With these lines you create only one hypnogram file. Could you check that?

Also: What Tensorflow/Keras version are you using?

RAllon commented 6 years ago

Thank you so much for the clarification. I ran the code again and got the following results.
Mean transfer accuracy: 29.4% Mean transfer f1 score: 14.6%

I am starting to think that we are using different datasets. Can you clarify which dataset you are using? I am using your edfx_database.download_edfx code to download the data.

skjerns commented 6 years ago

This is quite impossible. There is only one edfx dataset.

The code I provided works with the dataset from physionet https://physionet.org/pn4/sleep-edfx/ It is highly unlikely that it will provide different results on different machines. Either your model file is compromised (or wrong), or your database is.

I'm closing this issue as the error does not seem to lie on my side.

gadallon1 commented 6 years ago

I am trying to run the code above, and I am getting the following numbers:

Mean transfer accuracy: 31.7% Mean transfer f1 score: 21.5%

I am getting the following error message: Using TensorFlow backend. /Users/gadallon/anaconda3/lib/python3.6/importlib/_bootstrap.py:219: RuntimeWarning: compiletime version 3.5 of module 'tensorflow.python.framework.fast_tensor_util' does not match runtime version 3.6 return f(*args, **kwds)

Do you think it might be impacting the results? sorry if this is something obvious.

skjerns commented 6 years ago

could you tell me how big your model files are (./weights/cnn.hdf5)?

As I see the link is down again, so it might be possible that you are downloading an empty file?

gadallon1 commented 6 years ago

It's 395MB.

skjerns commented 6 years ago

Should be 377MB!

I rerun the code on a different machine, including redownloading the edfx-files, and I still get the same results. I do not know what you are doing differently

Please reinstall the package with pip uninstall sleepscorer pip install git+https://github.com/skjerns/AutoSleepScorer

Dedownload the weights. You can also download them manually from here: cnn: https://www.dropbox.com/s/otm6t0u2tmbj7sd/cnn.hdf5?dl=1 rnn: https://www.dropbox.com/s/t6n9x9pvt5tlvj8/rnn.hdf5?dl=1

gadallon1 commented 6 years ago

sorry for the delay. I did actually have the right file. It's 395 on the disk, but 377 before the download. I did everything from scratch and got the same accuracy. I put everything on a new PC (I usually use mac) and got even a lower accuracy (29%). I am suspecting I am doing something wrong. Any chance we can skype at one point to see what's going on.

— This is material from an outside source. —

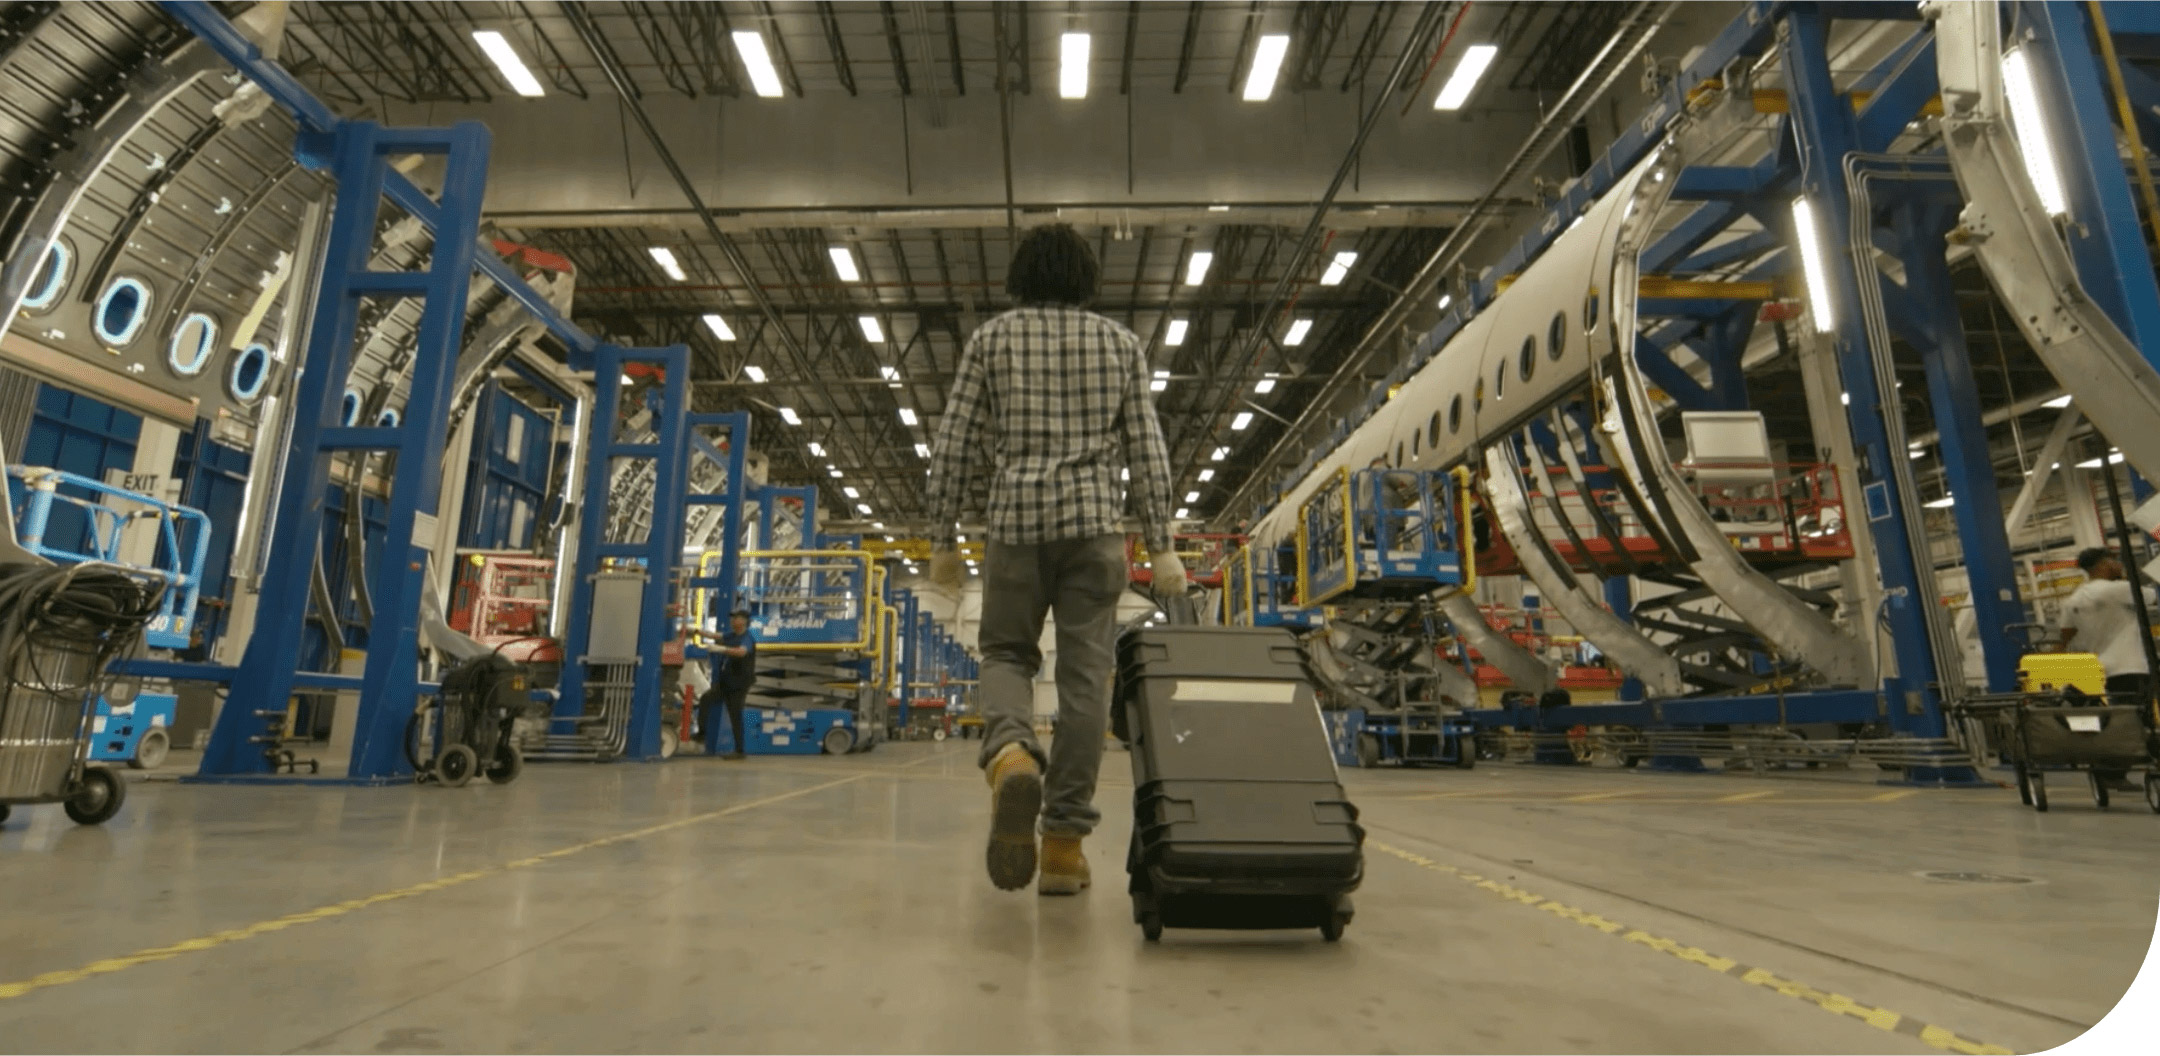 Video still of man walking away with a suitcase in an industrial warehouse.

skjerns commented 6 years ago

This absolutely puzzles me. Especially how you are possible to get even different results on a new machine!

We can skype this weekend if you wish, my username is the same as here.

skjerns commented 6 years ago

follow-up:

seems to be a problem with the file reading at the end of the script. The predictions are created fine.